Run the DD regression for each outcome:

model_spend <- lm(postnatal_spend ~ orleans + post + orleans:post, data = dd_data)
summary(model_spend)

model_ed <- lm(any_ed ~ orleans + post + orleans:post, data = dd_data)
summary(model_ed)

model_ip <- lm(any_ip ~ orleans + post + orleans:post, data = dd_data)
summary(model_ip)

Question 2

Look at the regression output for model_spend.

  1. What is the coefficient on orleans:post? Does it match the DD estimate from your table in Step 5?

  2. Interpret each of the four coefficients (\(\beta_0\), \(\beta_1\), \(\beta_2\), \(\beta_3\)) in plain language.
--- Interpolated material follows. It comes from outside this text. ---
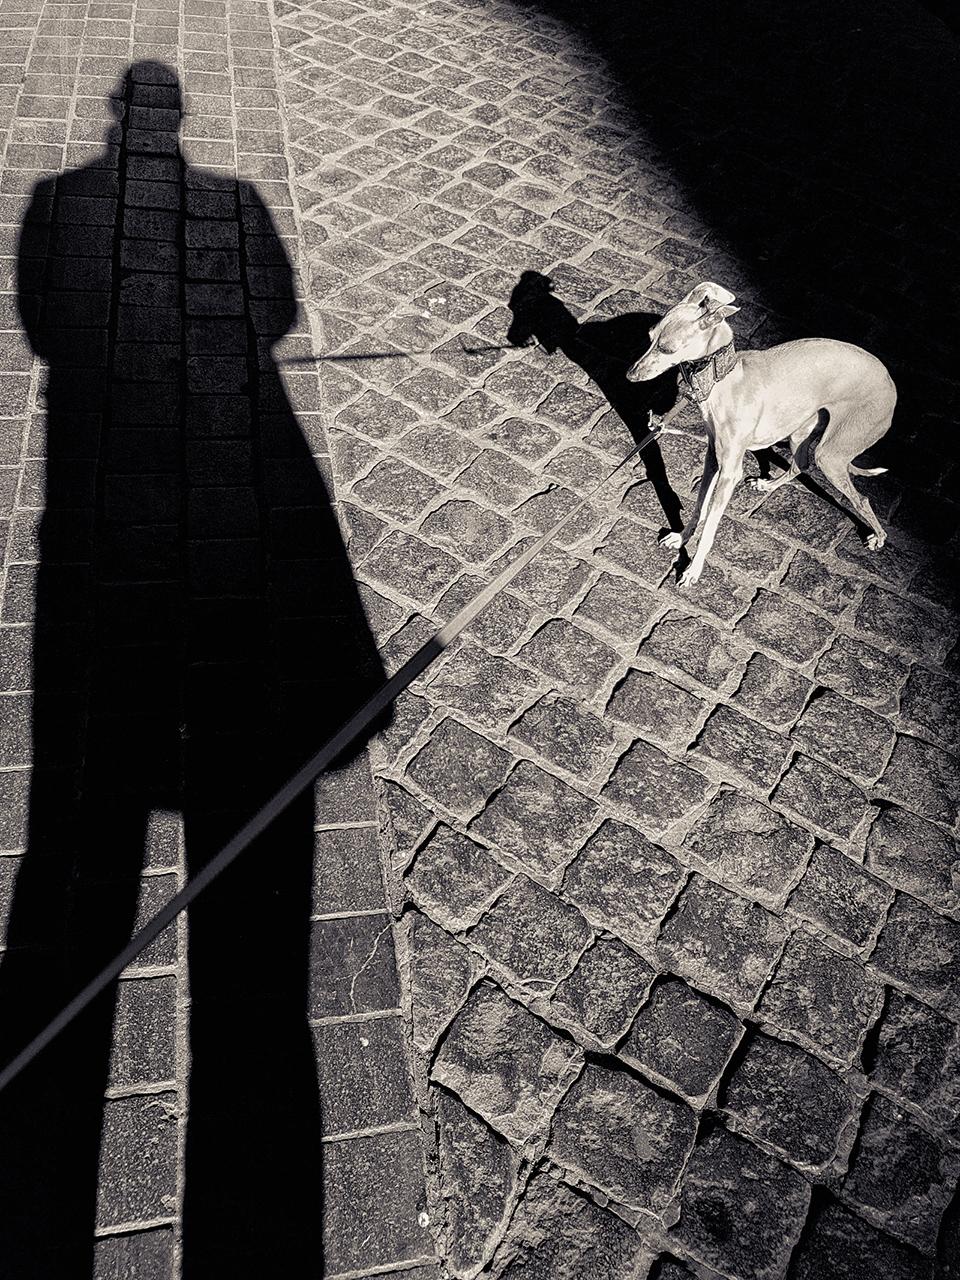 PixelShadow1

  3. What do the DD estimates for ED visits and inpatient visits suggest about the effect of the program expansion on health care use for mothers?

Summary and Key Takeaways

In this Data Lab, you implemented a difference-in-differences design to estimate the effect of the FCNO program expansion on postnatal health care use. By comparing the pre-to-post change in outcomes for Orleans Parish mothers to the same change for non-Orleans mothers, you obtained an estimate that accounts for both time-invariant differences between groups (captured by the orleans coefficient) and common time trends affecting all mothers (captured by the post coefficient).
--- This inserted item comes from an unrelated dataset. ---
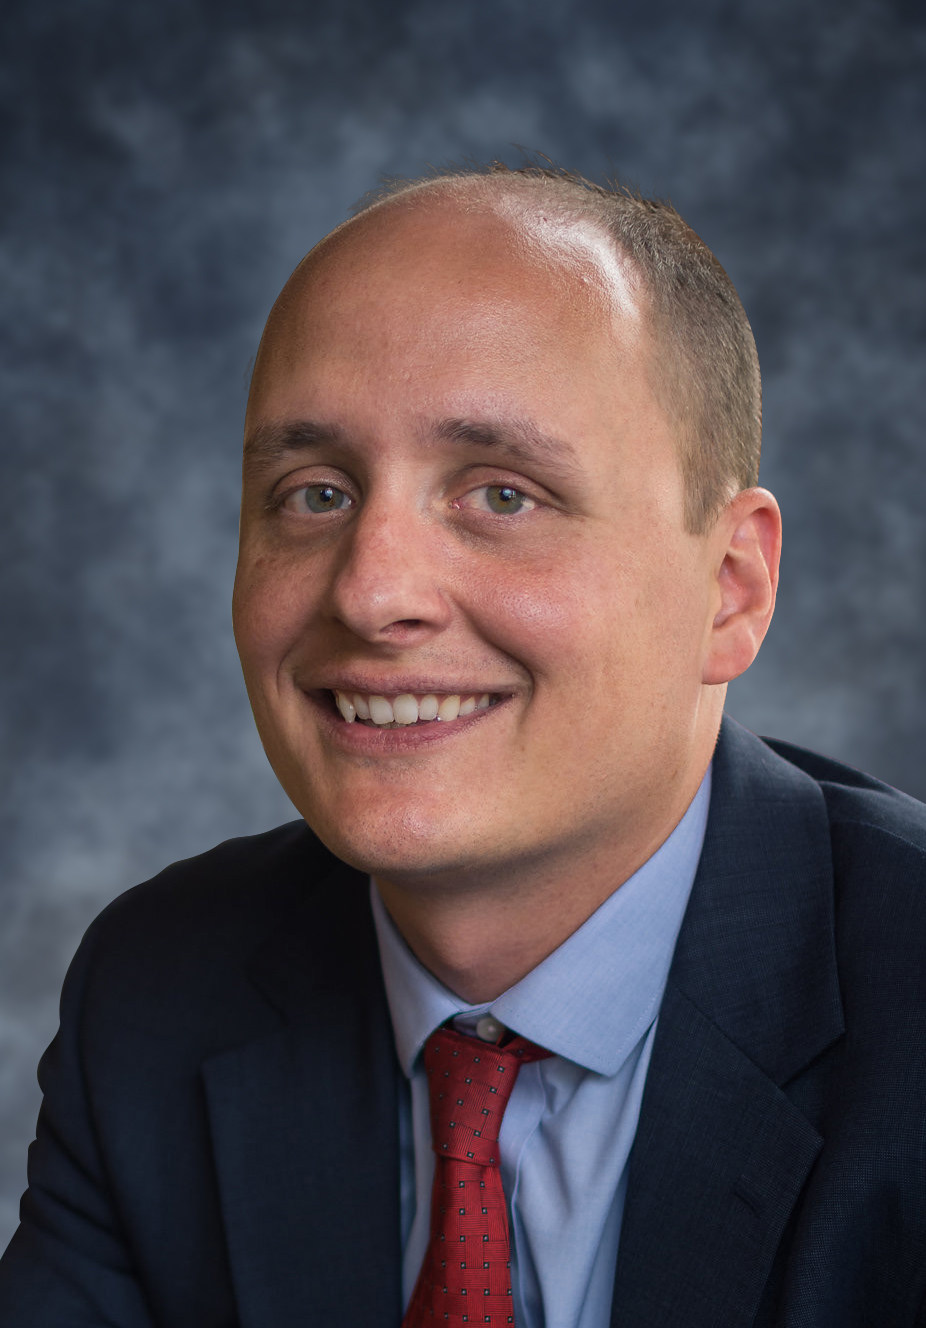 Commissioner Sam Gladney

The DD framework is helpful because it can remove selection bias that comes from stable, unobserved differences across groups. If Orleans mothers are systematically different from non-Orleans mothers in ways we cannot measure, those differences cancel out when we take the pre-to-post difference.

What DD cannot address is selection bias that changes over time, like if something other than FCNO caused Orleans mothers’ outcomes to diverge from non-Orleans mothers’ outcomes after 2024, our estimate would be biased.

Render your Markdown file, upload your PDF document to Canvas here, and you’re done!